Hi @meren thanks for your time this again, that logo ice is empty other than # CMD LINE: muscle -in /tmp/tmp708ev8ce/input.fa -out /tmp/tmp708ev8ce/output.fa -quiet
Hey @Ge0rges, I just realized that the log is empty due to the -quiet
flag anvi'o is passing to muscle
:/ Here is a test and how it looks like on my end with that flag hardcoded in anvio/drivers/muscle.py
:
cat /var/folders/0w/z3rt2nfs3d7dxf6jkl8s75v00000gn/T/tmp3hgfccxv/00_log.txt
# DATE: 31 Jan 24 19:38:13
# CMD LINE: muscle -in /var/folders/0w/z3rt2nfs3d7dxf6jkl8s75v00000gn/T/tmp3hgfccxv/input.fa -out /var/folders/0w/z3rt2nfs3d7dxf6jkl8s75v00000gn/T/tmp3hgfccxv/output.fa -quiet
And here is the log file for the same command after removing it:
cat /var/folders/0w/z3rt2nfs3d7dxf6jkl8s75v00000gn/T/tmp7p4qe4px/00_log.txt
# DATE: 31 Jan 24 19:37:44
# CMD LINE: muscle -in /var/folders/0w/z3rt2nfs3d7dxf6jkl8s75v00000gn/T/tmp7p4qe4px/input.fa -out /var/folders/0w/z3rt2nfs3d7dxf6jkl8s75v00000gn/T/tmp7p4qe4px/output.fa
MUSCLE v3.8.1551 by Robert C. Edgar
http://www.drive5.com/muscle
This software is donated to the public domain.
Please cite: Edgar, R.C. Nucleic Acids Res 32(5), 1792-97.
input 8 seqs, lengths min 114, max 135, avg 121
00:00:00 1 MB(0%) Iter 1 100.00% K-mer dist pass 1
00:00:00 1 MB(0%) Iter 1 100.00% K-mer dist pass 2
00:00:00 2 MB(0%) Iter 1 100.00% Align node
00:00:00 2 MB(0%) Iter 1 100.00% Root alignment
00:00:00 2 MB(0%) Iter 2 100.00% Refine tree
00:00:00 2 MB(0%) Iter 2 100.00% Root alignment
00:00:00 2 MB(0%) Iter 2 100.00% Root alignment
00:00:00 2 MB(0%) Iter 3 100.00% Refine biparts
00:00:00 2 MB(0%) Iter 4 100.00% Refine biparts
00:00:00 2 MB(0%) Iter 5 100.00% Refine biparts
00:00:00 2 MB(0%) Iter 6 100.00% Refine biparts
I just committed this change, so when you run your command again after a git pull
you certainly will see something from muscle
for failed alignments.

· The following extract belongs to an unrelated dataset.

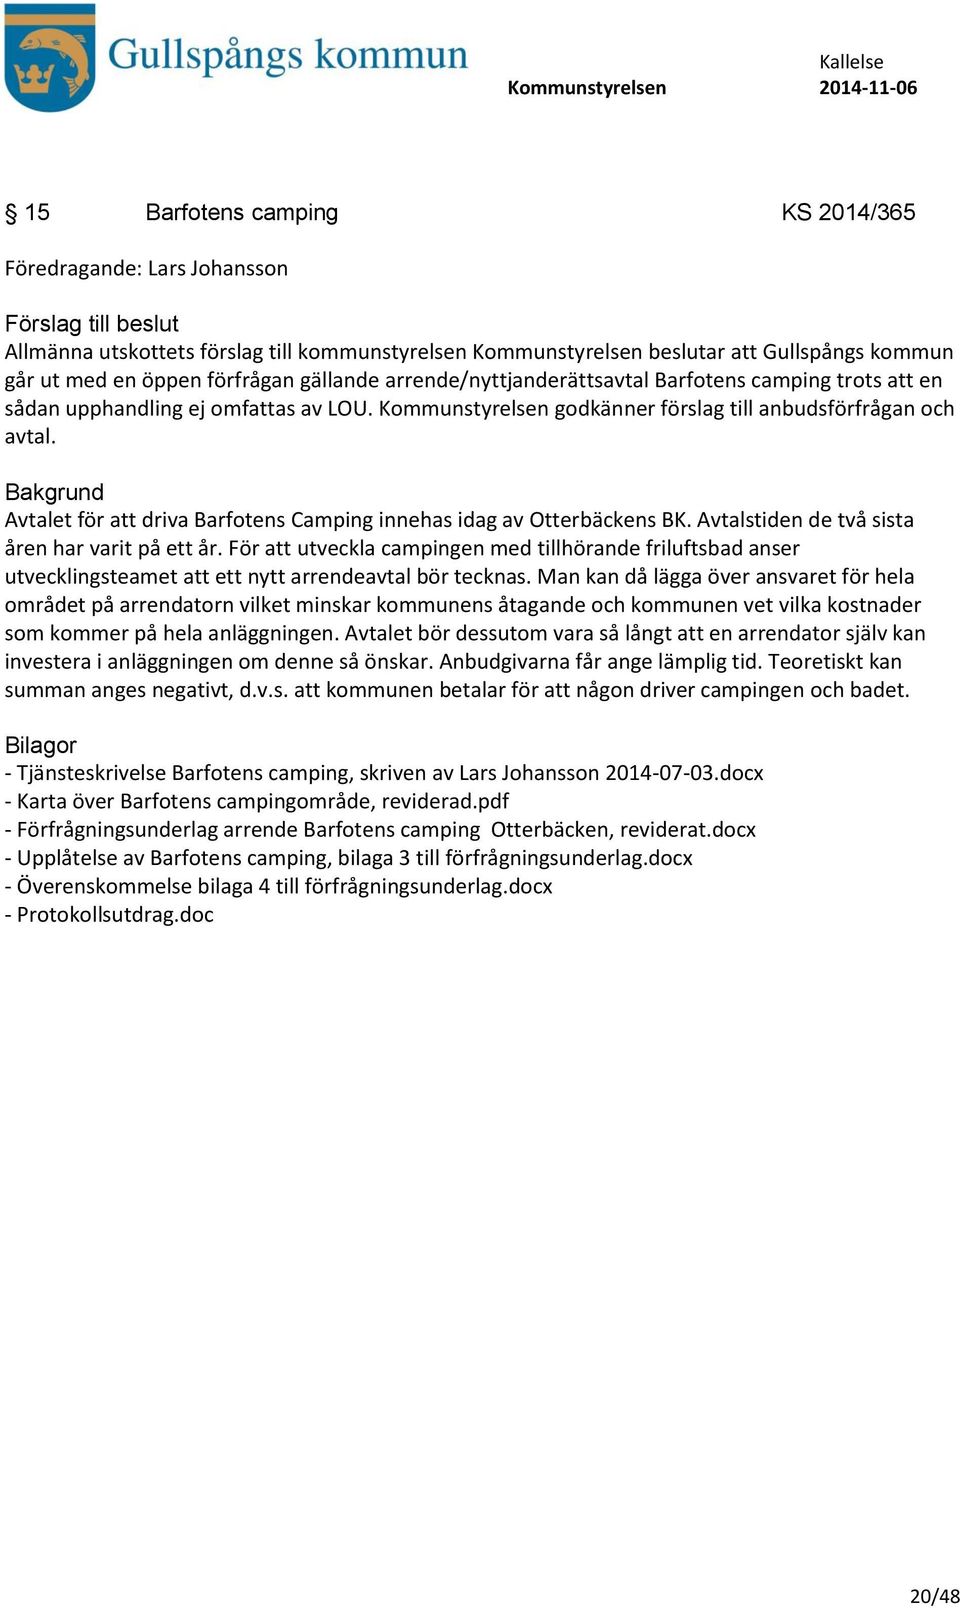 Avtalet för att driva Barfotens Camping innehas idag av Otterbäckens BK. Avtalstiden de två sista åren har varit på ett år.

Apologies for all the back and forth here and thank you for your patience!
Here's anvio
's output:
[DEBUG] `run_command` is running .............: muscle -in /tmp/tmprlsurk6m/input.fa -out /tmp/tmprlsurk6m/output.fa
Traceback for debugging
================================================================================
File "/Accounts/gkanaan/github/anvio/bin/anvi-get-sequences-for-hmm-hits", line 343, in <module>
main(args)
File "/Accounts/gkanaan/github/anvio/bin/anvi-get-sequences-for-hmm-hits", line 263, in main
s.store_hmm_sequences_into_FASTA(hmm_sequences_dict,
File "/Accounts/gkanaan/github/anvio/anvio/hmmops.py", line 922, in store_hmm_sequences_into_FASTA
self.__store_concatenated_hmm_sequences_into_FASTA(hmm_sequences_dict_for_splits, output_file_path, partition_file_path, wrap, separator, genes_order, align_with, just_do_it)

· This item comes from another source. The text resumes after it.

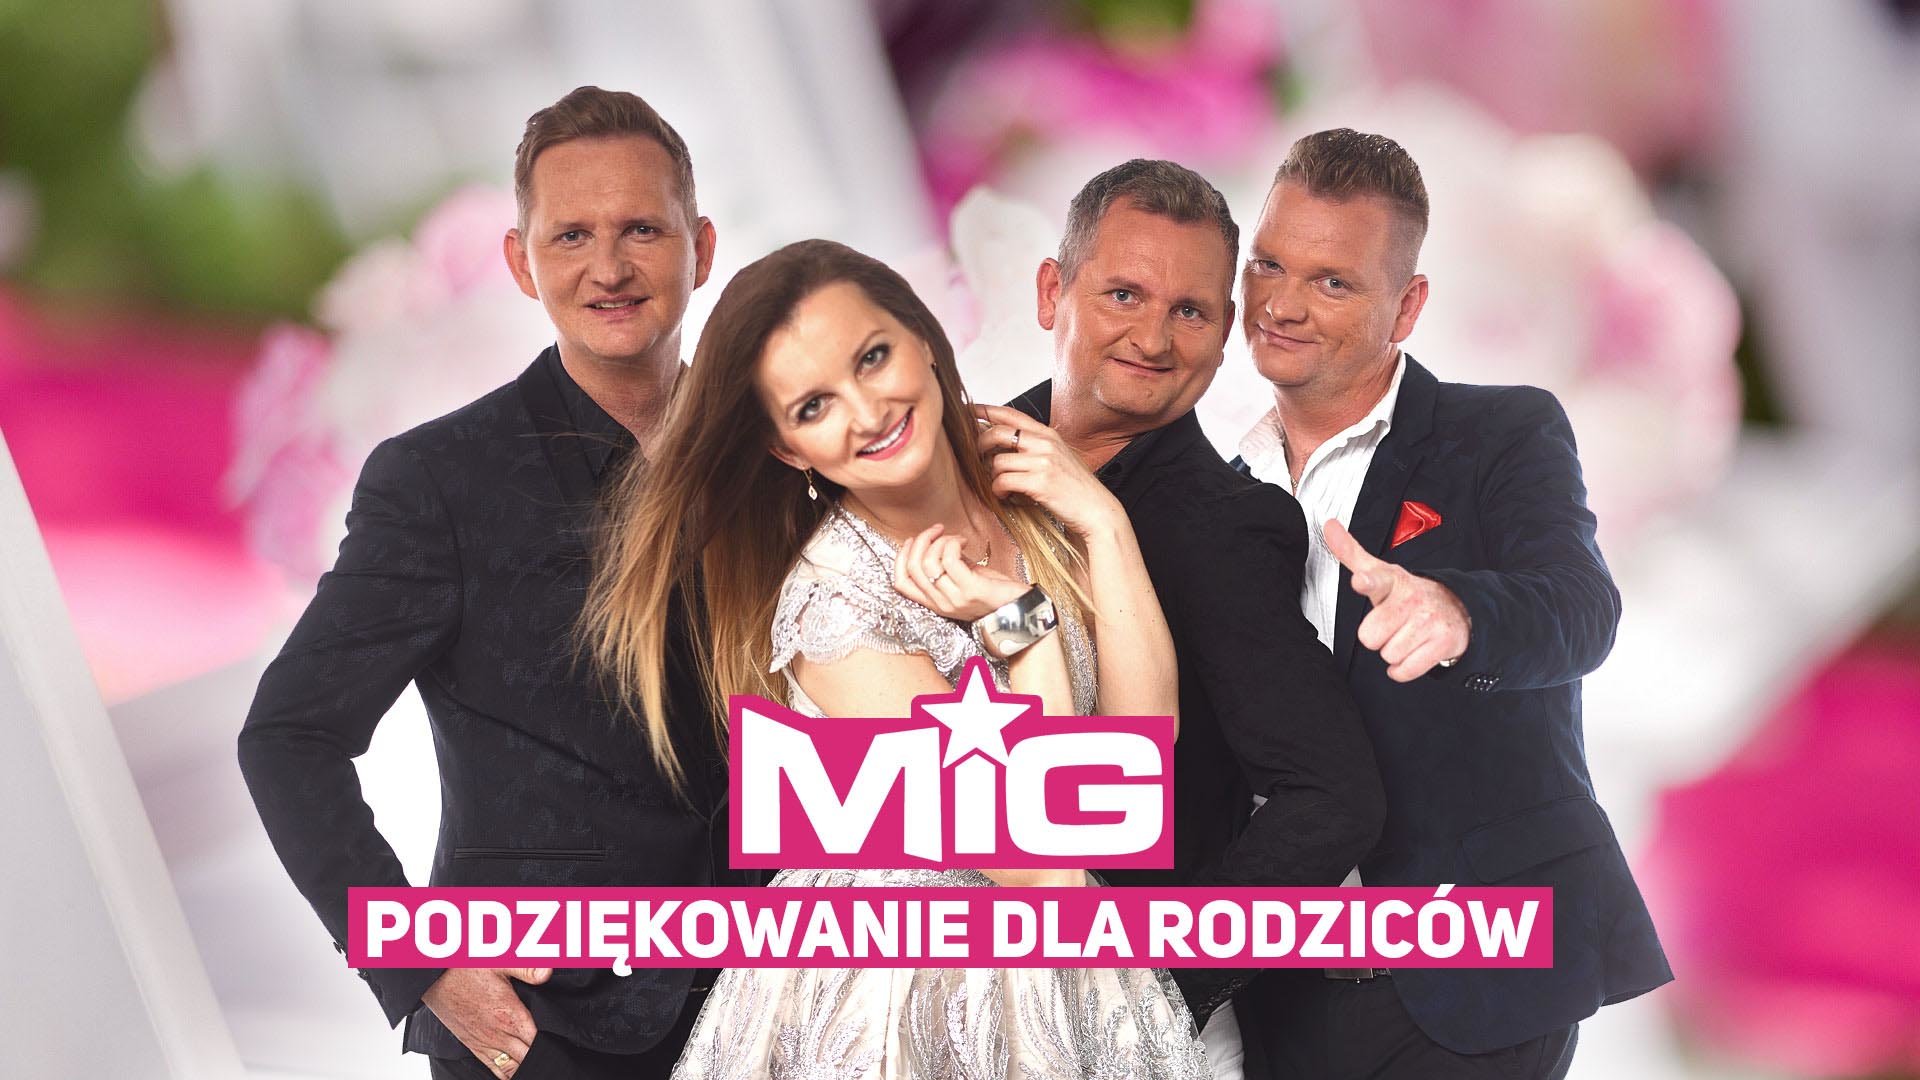 Przepiękna weselna premiera zespołu Mig! | Nowość trafiła do sieci

File "/Accounts/gkanaan/github/anvio/anvio/hmmops.py", line 812, in __store_concatenated_hmm_sequences_into_FASTA
genes_in_bins_dict[gene_name] = aligner(run=terminal.Run(verbose=False)).run_default(genes_list, debug=anvio.DEBUG)
File "/Accounts/gkanaan/github/anvio/anvio/drivers/muscle.py", line 120, in run_default
output = utils.run_command(cmd_line, log_file_path)

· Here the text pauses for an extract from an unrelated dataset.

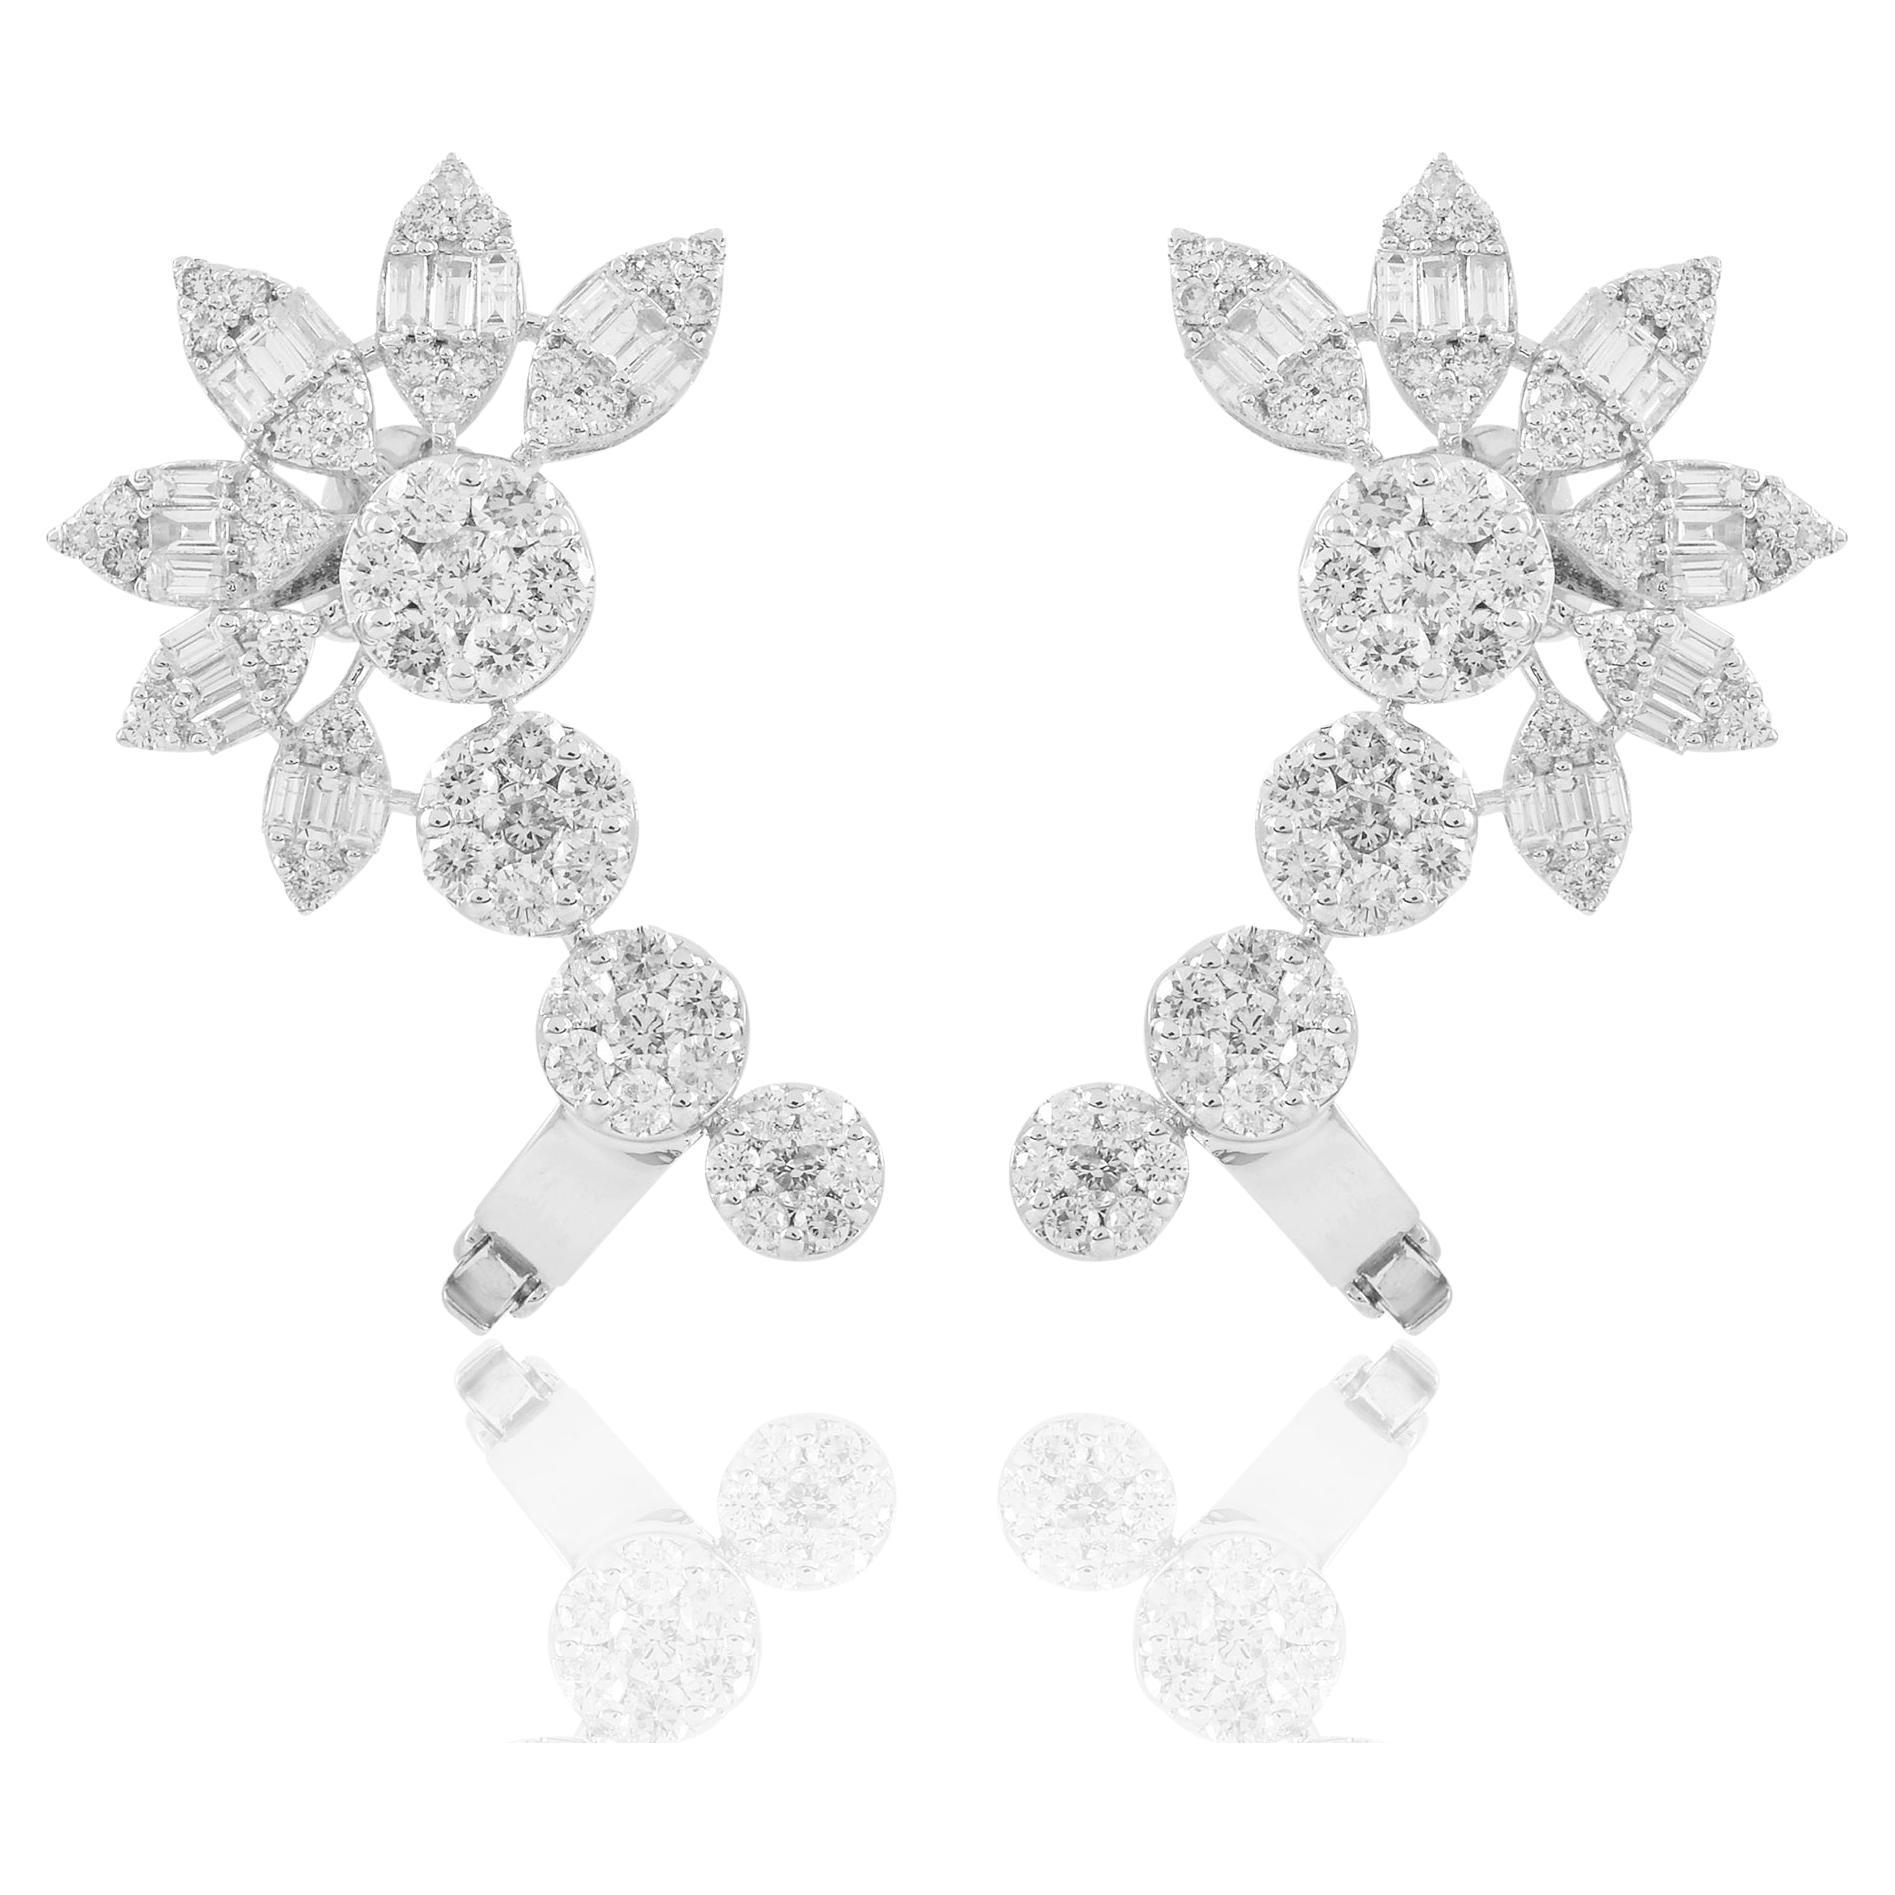 4 Carat Baguette Round Diamond Ear Cuff Earrings 18 Karat White Gold Jewelry

File "/Accounts/gkanaan/github/anvio/anvio/utils.py", line 514, in run_command
raise ConfigError("Command failed to run. What command, you say? This: '%s'" % ' '.join(cmdline))
================================================================================
Config Error: Command failed to run. What command, you say? This: 'muscle -in
/tmp/tmprlsurk6m//input.fa -out /tmp/tmprlsurk6m/output.fa
Attached is the input.fa
(renamed .txt for GitHub upload) located in /tmp/tmprlsurk6m/
.
input.txt
The log file is huge because many lines are just copy of themselves with the timestamp updated. So here's the output instead, of cat 00_log.txt
in that same directory. I manually confirmed the last line of the file resembled what cat
printed in case it omitted errors for some reason.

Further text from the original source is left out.